Give again, word for word, the lines below that run from the line with "ZYDO 24.50cts Pear" through the line with "A Yellow Wall". Drop the pictures.

Records to process Start Marker

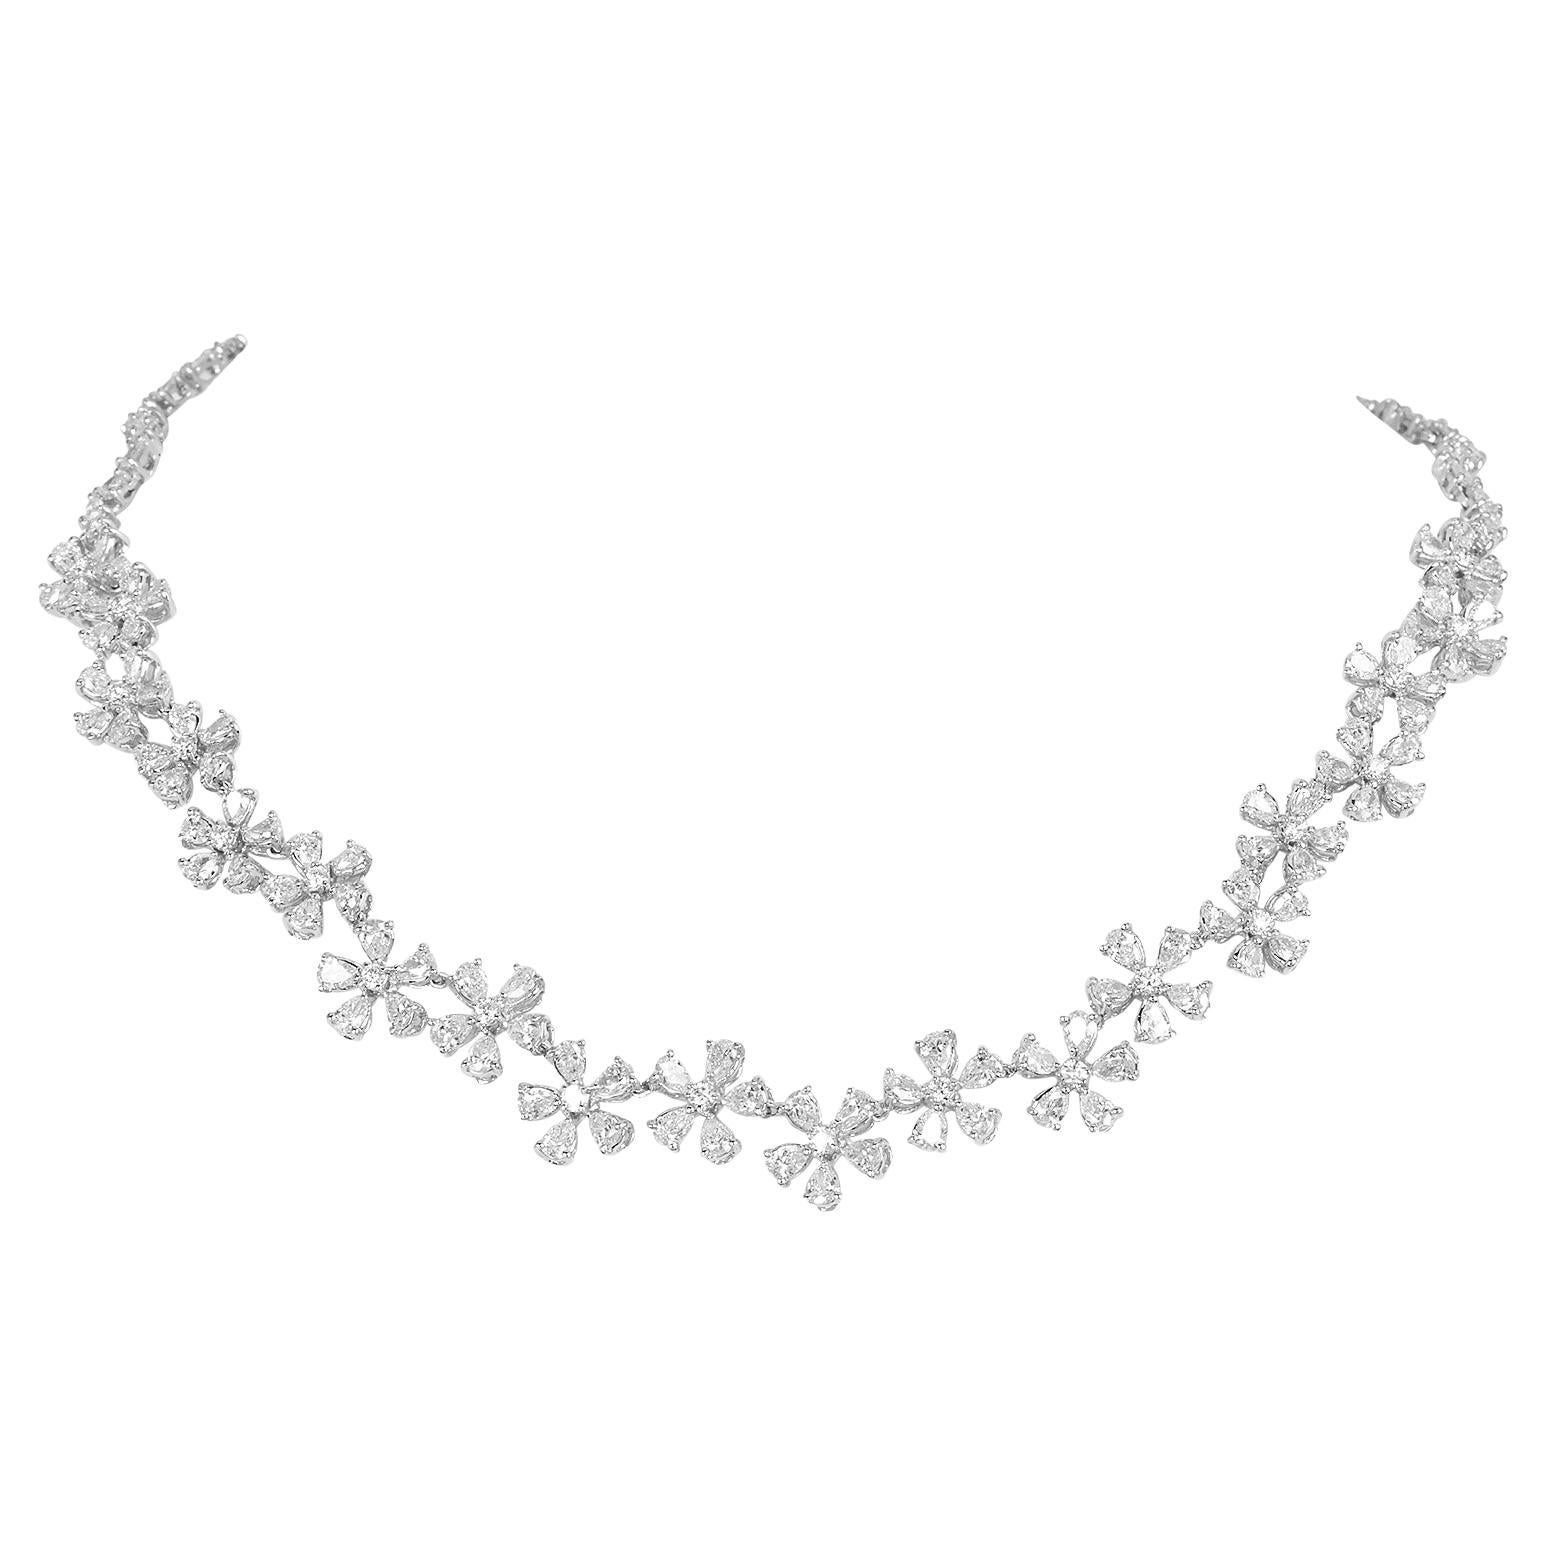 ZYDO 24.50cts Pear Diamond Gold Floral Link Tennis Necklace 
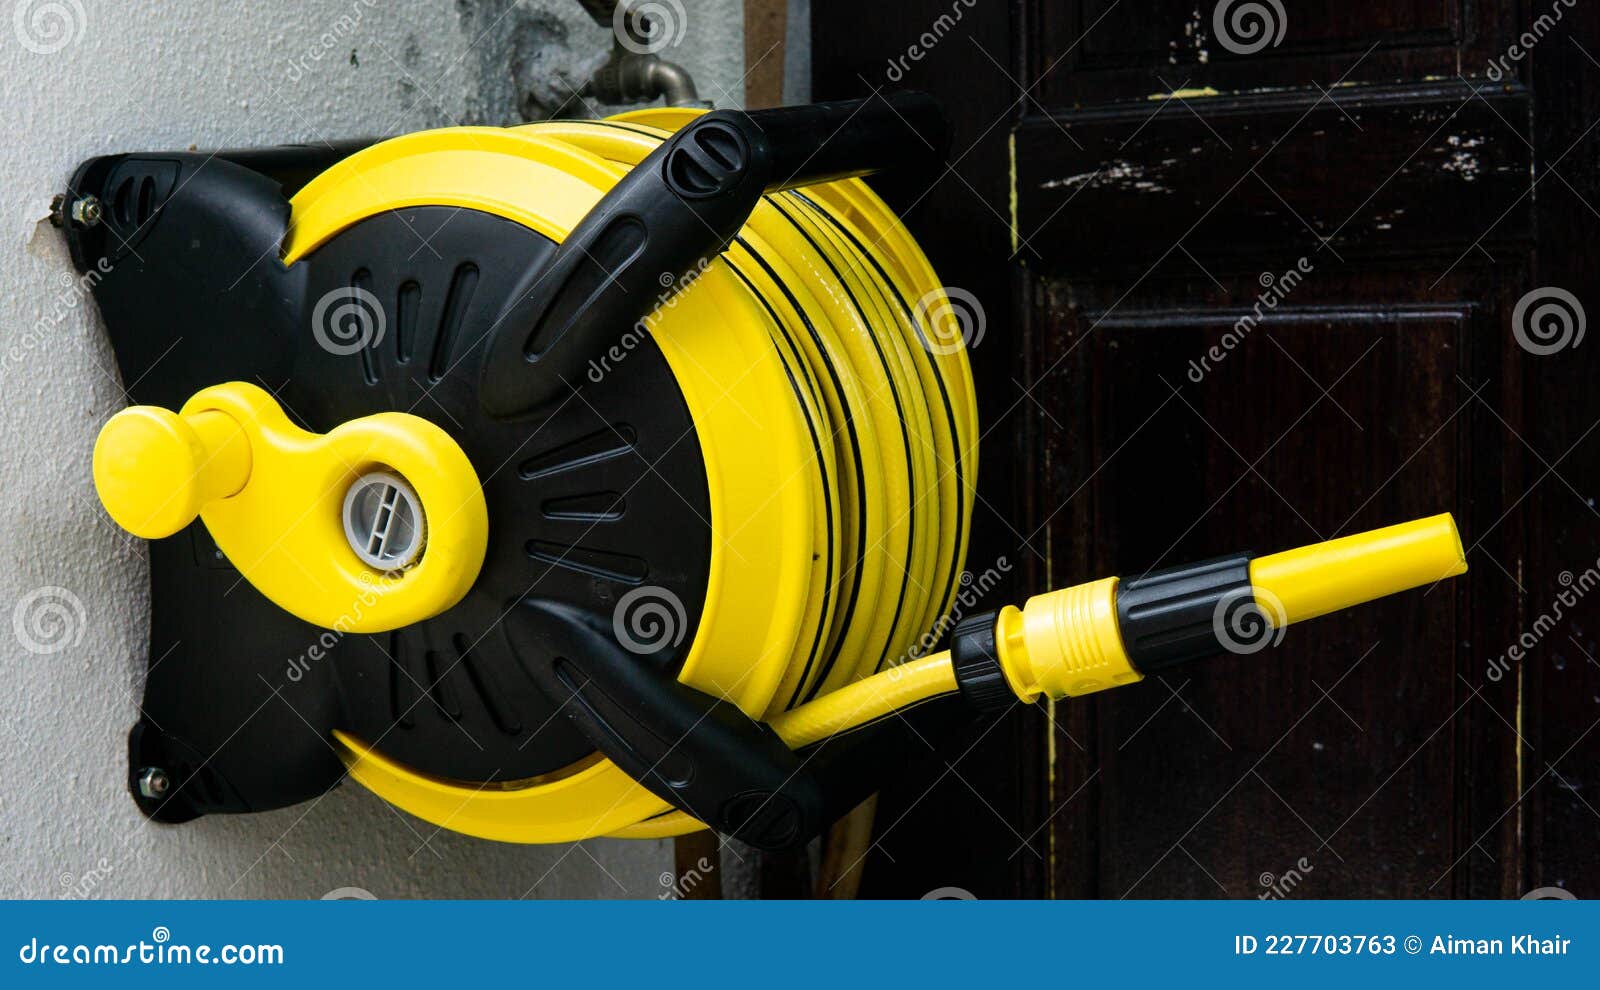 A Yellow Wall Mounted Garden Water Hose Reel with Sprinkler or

Records to process End Marker
Records to process Start Marker

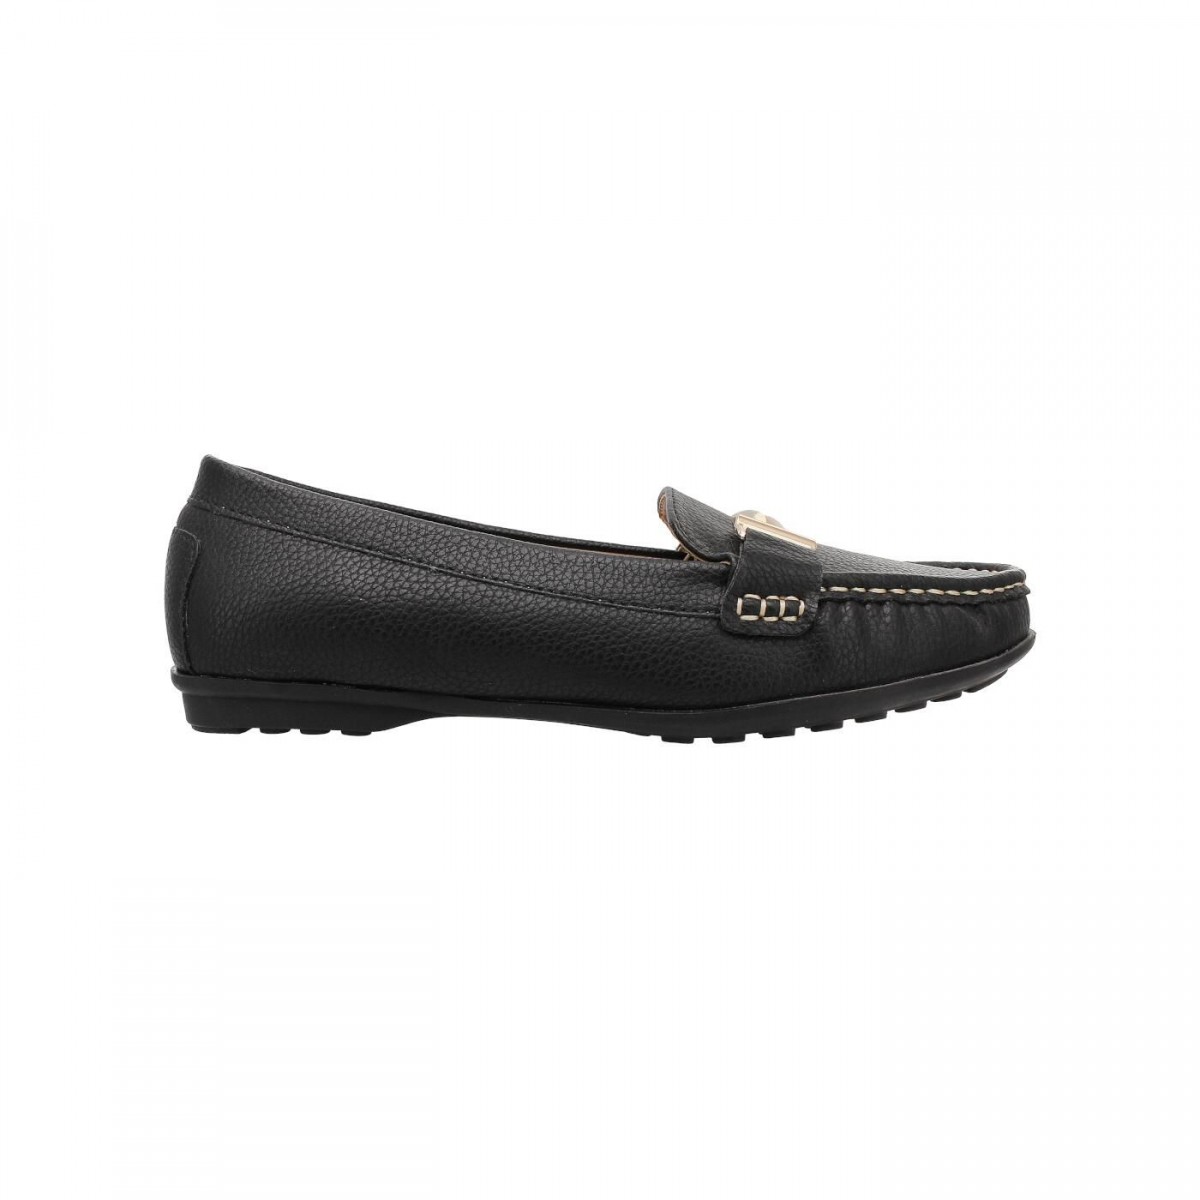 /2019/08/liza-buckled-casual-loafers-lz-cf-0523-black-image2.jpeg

Records to process End Marker
Records to process Start Marker

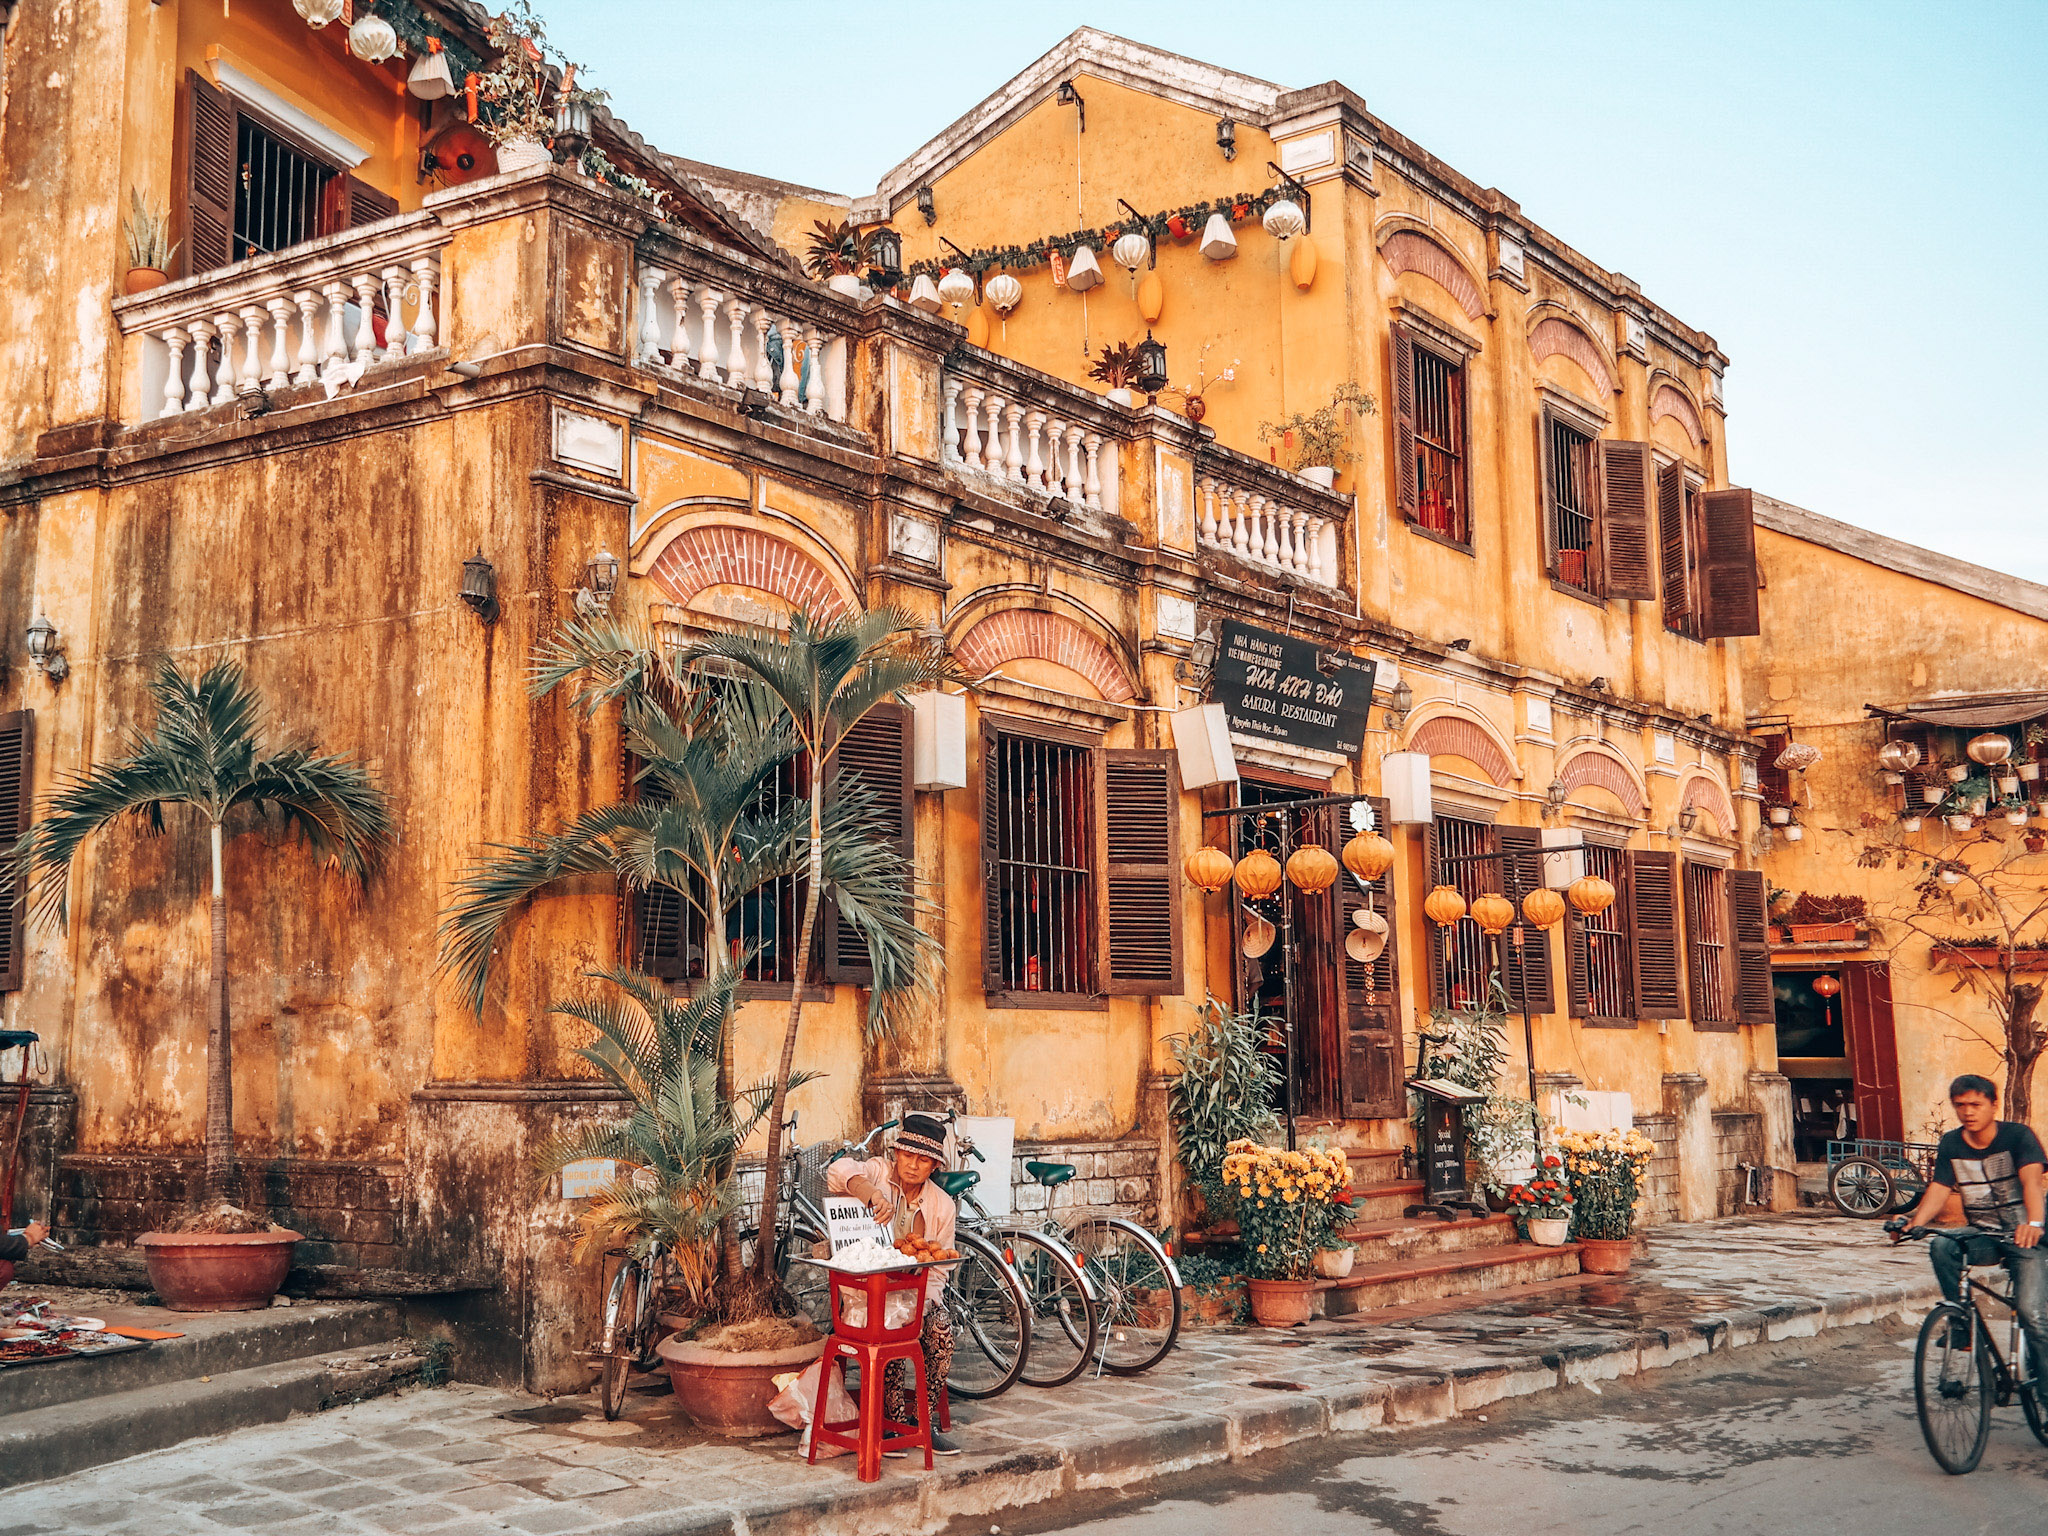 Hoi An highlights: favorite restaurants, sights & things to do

Records to process End Marker

• Your response:
 ZYDO 24.50cts Pear Diamond Gold Floral Link Tennis Necklace 
 A Yellow Wall Mounted Garden Water Hose Reel with Sprinkler or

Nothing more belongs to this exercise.